Saturday, March 8th, 2014

I’ve been programming for a long time, in a wide variety of languages, but never did I see negative list indexing until I learned Python nine years ago to play around with making automated edits on Wikipedia. For those who don’t know, negative list indexing allows you to index into a list from the end instead of the beginning. Whereas arr[0] returns the first item in a list, arr[-1] returns the last item in a list, arr[-2] the penultimate item, etc. It seemed like such a no-brainer; why haven’t all languages implemented this feature? It’s useful, right? That’s what I thought until I recently interviewed a spate of internship program candidates for the upcoming summer, most of whom are learning programming in Python, and I saw firsthand the confusion that negative list indexing causes in novices developers.

I do a fair amount of interviewing at my job, with an average of three or so interviews per week. We’re more often hiring developers than not. Now that I’m leading a development team, I have a huge vested interest in finding the best possible talent because inferior developers directly affect the quality of my team’s output, thus making me look bad. The main thing I focus on during interviews is programming problems. You’d be amazed at how many people do just fine in the talking portion but then fail miserably when asked to actually code something. So I use a progression of increasingly difficult programming problems, the first of which is usually “Write a function that takes a sentence and a number as input, and returns the re-arranged sentence with the specified number of words moved from the back to the front”. So for the example sentence “That is a dark brown fox” and the number 4, the output would be “a dark brown fox That is”. I ask the interviewees to solve the problem in whatever language they’re most comfortable with, because I’d rather get good developers in general than someone with certain specific language skills.

A typical solution in C#, which I get a plurality of responses in, looks like this:

public string Rearrange(string sentence, int numWords)
{
    string[] words = sentence.Split(' ');
    string answer = "";
    for (int i = words.Length - numWords; i < words.Length; i++)
    {
        answer += words[i] + " ";
    }
    for (int j = 0; j < words.Length - numWords; j++)
    {
        answer += words[j] + " ";
    }
    return answer.Trim();
}

It's not an amazing solution; there's a faster and more efficient way to do it that doesn't require splitting up the input into a words array at all (I'll leave that as an exercise to the reader). But it gets the job done, and most people end up thinking about the problem in this way. Yet a curious thing happened when I started interviewing current undergraduate students for the intern positions: most of them ended up using Python, and all of Python solutions used negative list indexing and ended up going off the rails because of it. I understand why they immediately thought to use negative indexing; we are asking them to grab things off the end of a sentence, after all. But it consistently sowed confusion, and never clarified.

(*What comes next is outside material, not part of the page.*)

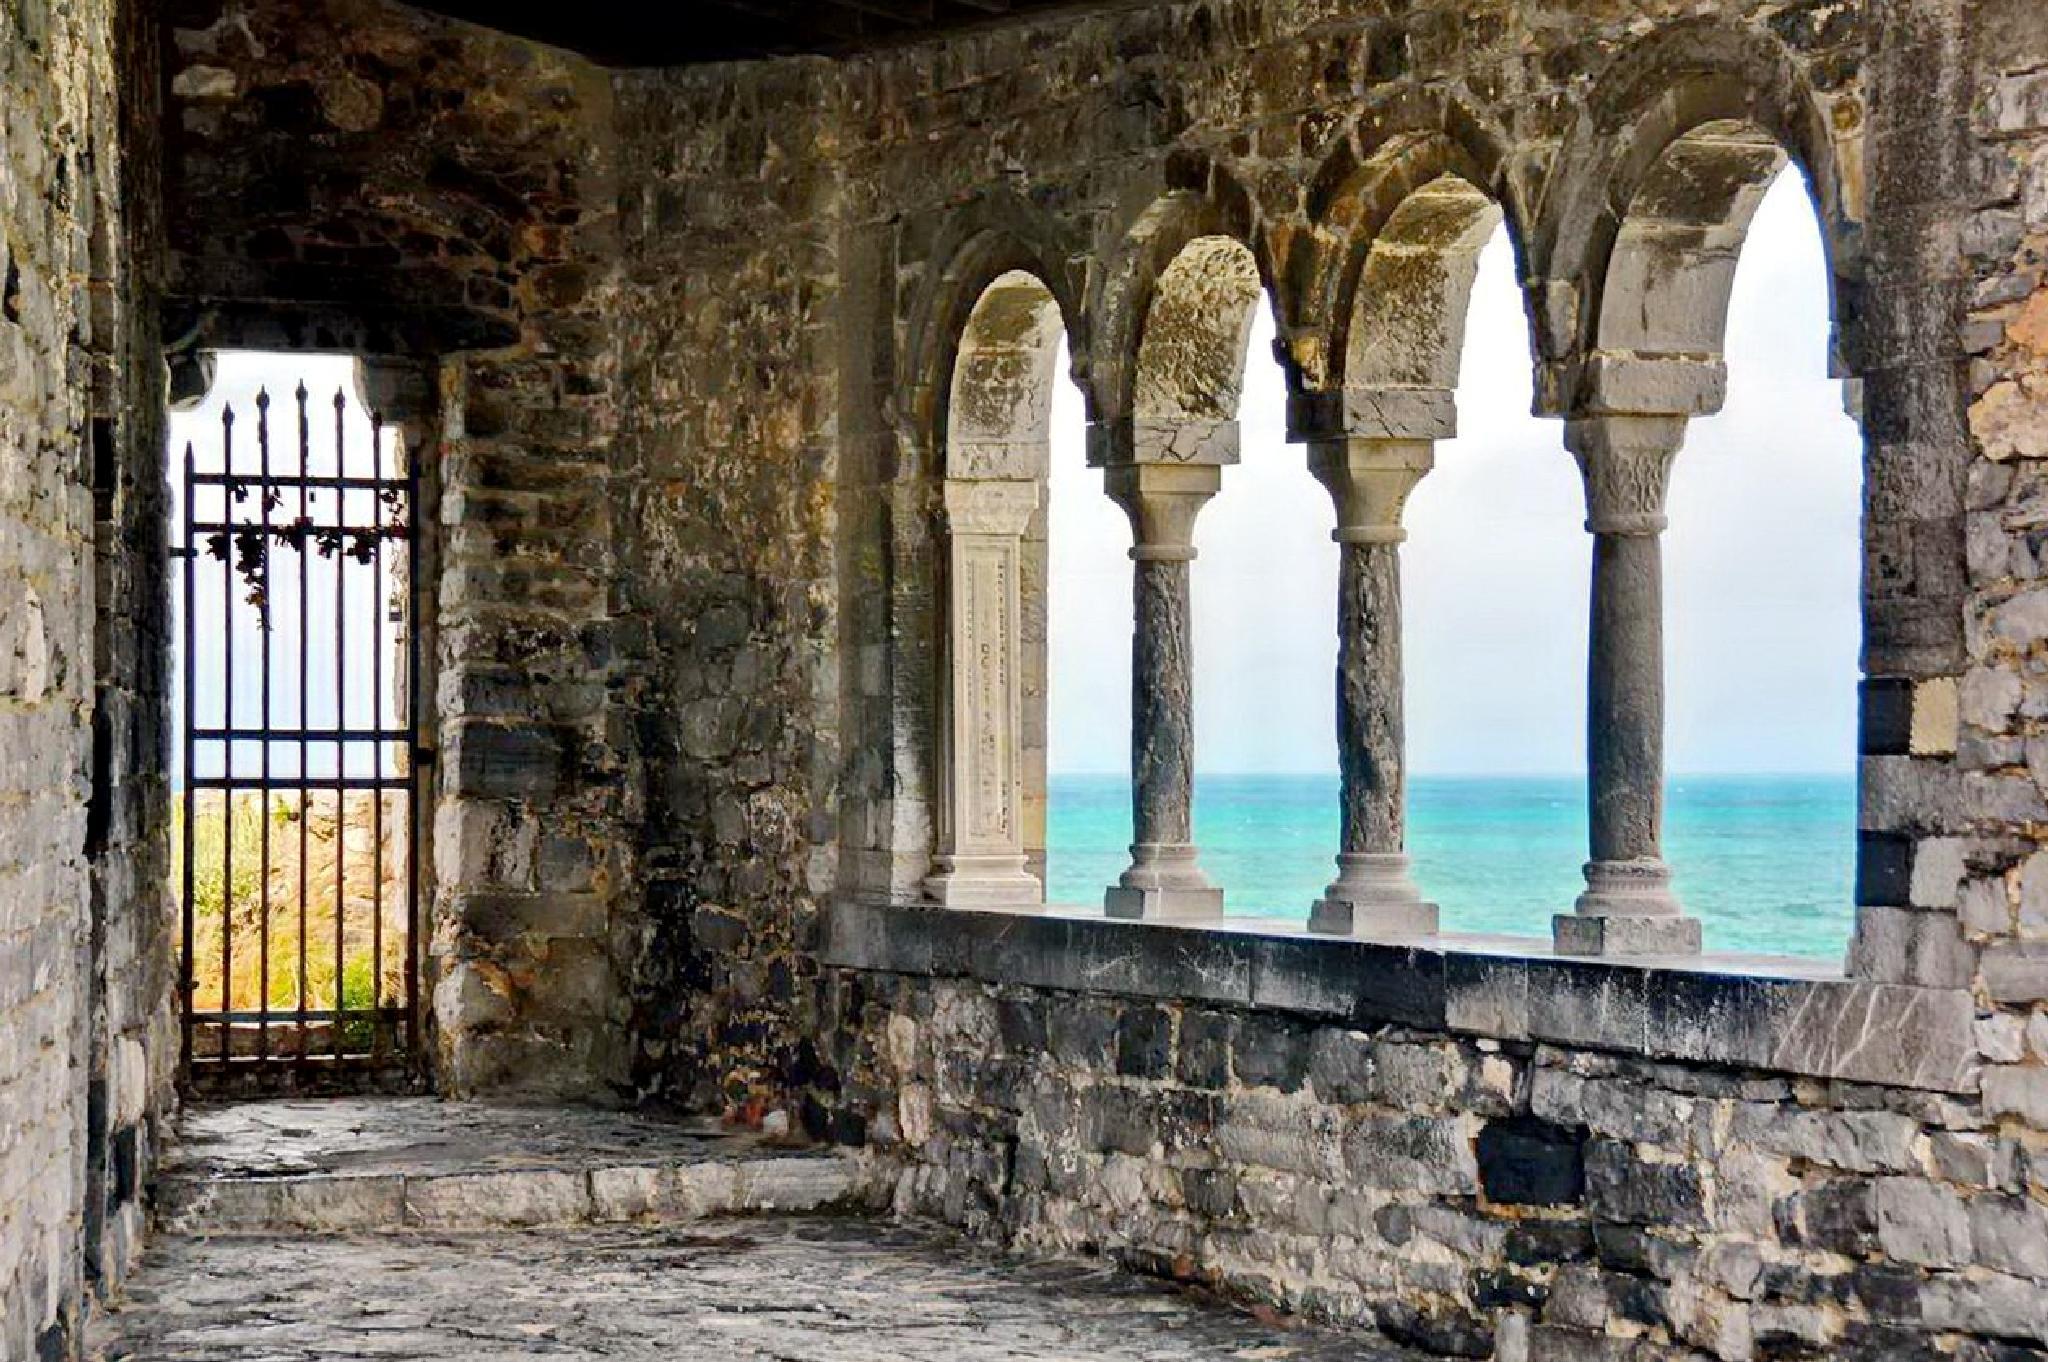 sea view by klaus.deischl

There were two main problems that I saw when people used negative list indexing. One problem was that the interviewees would start with -1 and then decrement to -2, then -3, etc. This seems logical, but you end up reversing the order of the words in the rear segment, such that your output sentence from the above example becomes "fox brown dark a That is". What you really need to do is count "down" through the words in reverse, in the order -4, -3, -2, -1. But that's a bit harder to wrap your mind around than avoiding negative indexes entirely and simply counting up through the words in the order 2, 3, 4, 5. In particular I saw a lot of reversed parameters to the range function, which ends up executing the inside of the for-loop zero times. The problem looks like it's dealing with the end of the list, but it's really not; it's dealing with the middle of the list and counting up through to the end of it, for which using positive indexes is a lot more handy. But as soon as you say "end" to a novice programmer who's learned the "trick" of negative list indexes, that's where their mind immediately goes, and they tend to get stuck.

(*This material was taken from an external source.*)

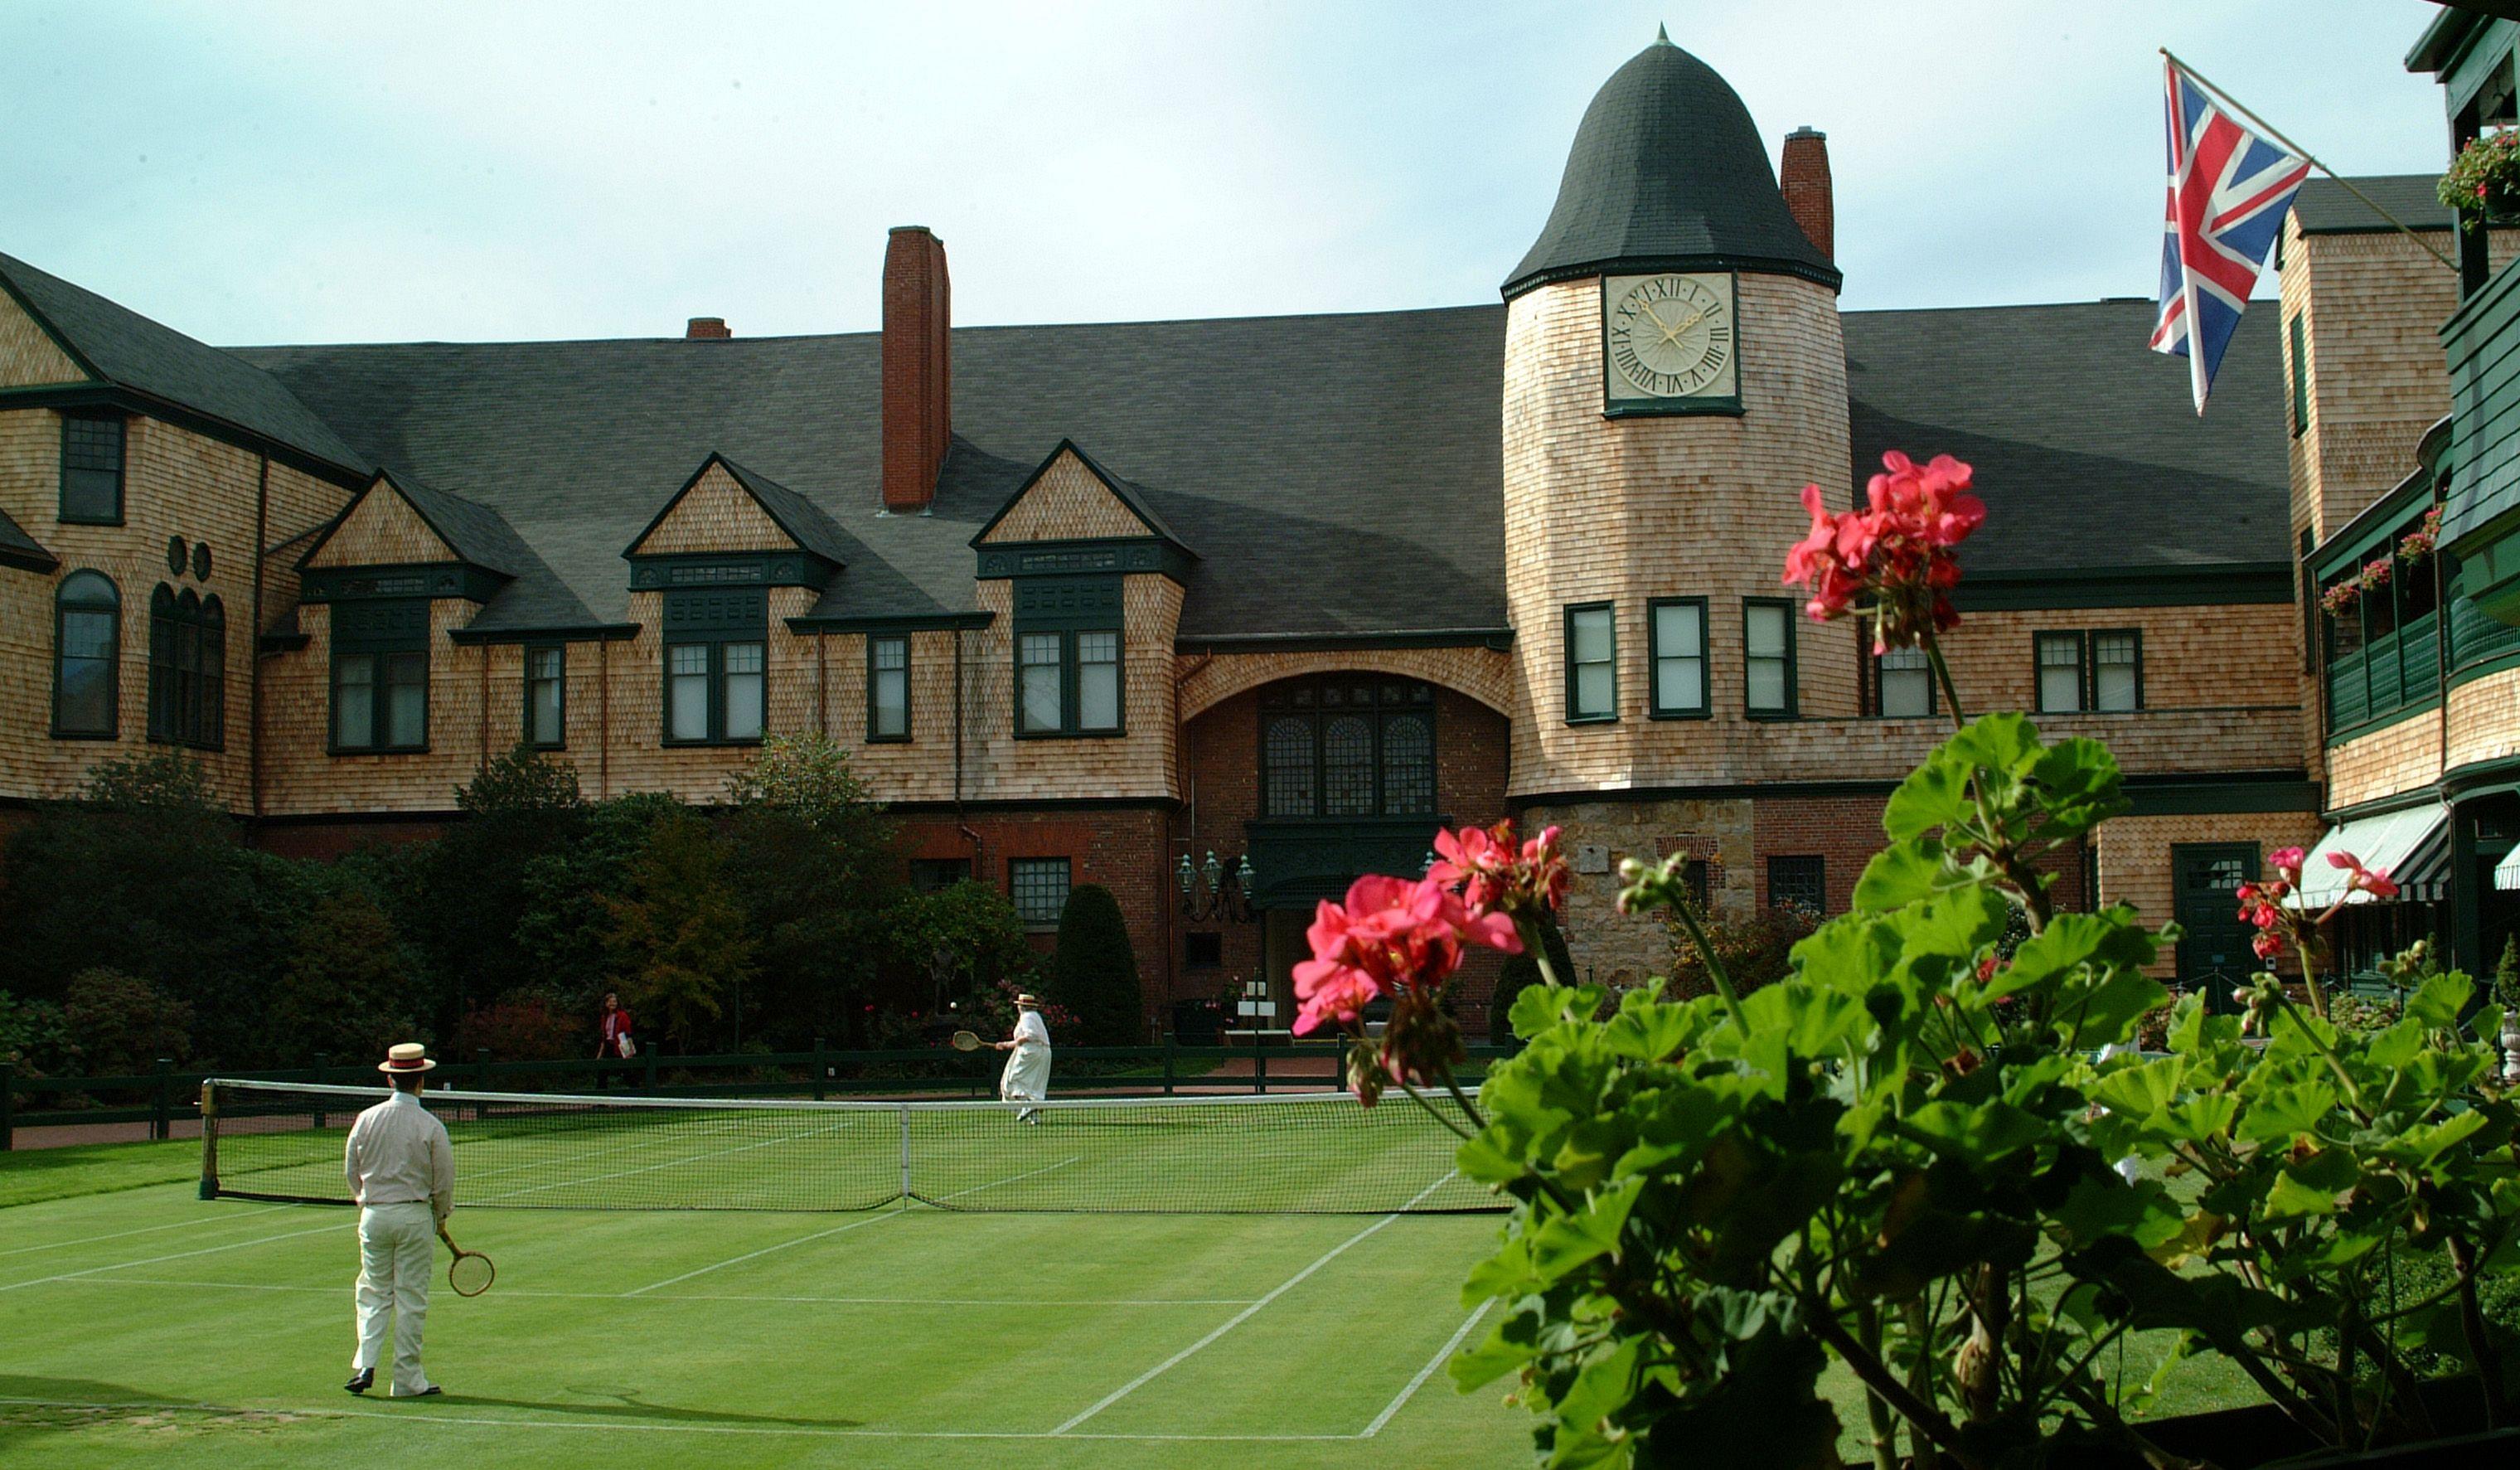 International tennis hall of fame newport rhode island

The second main problem with negative list indexing is that it doesn't mesh well with positive list indexing, both of which you end up needing to use to solve this problem. For instance, [0] is the first element in a list, and [1] the second, but [-1] isn't the second-to-last element in the list; it's the last one. This caused a lot of confusion. Positive list indexes are zero-indexed but negative list indexes are one-indexed. Fencepost errors abounded, or what you might even call reverse-fencepost errors, where interviewees expressed the index of the start of the second segment as either [-numWords +1] or [-numWords +-1] (both wrong but in different ways) when it should simply be [-numWords]. The interviewees simply didn't have enough experience using the two together to understand how they worked in unison, whereas when I prompted them to write the boundary conditions of both for-loops using positive indexing, the mental confusion usually went away and they were able to come up with a workable solution.

For the record, here is a correct solution in Python that uses negative list indexing. It doesn't look that tricky when you see it presented as an answer, but trust me when I say that no one was coming up with it on their own without access to a Python interpreter. The boundary condition of 0 on the first range in particular was highly un-intuitive to all of the interviewees.

def rearrange(sentence, numWords):
    words = sentence.split()
    answer = ""
    for i in xrange(-numWords, 0):
        answer += words[i] + " "
    for i in xrange(0, len(words) - numWords):
        answer += words[i] + " "
    return answer.strip()

And there's one final point that I can't help but bring up: reverse traversal of lists is cache inefficient. Granted it doesn't matter for this problem, and it probably won't matter for most things you do in Python, but if you're trying to write highly performant code in C/C++, like for scientific computation or a game engine, you're going to cause a lot more cache misses by trawling through memory in reverse order.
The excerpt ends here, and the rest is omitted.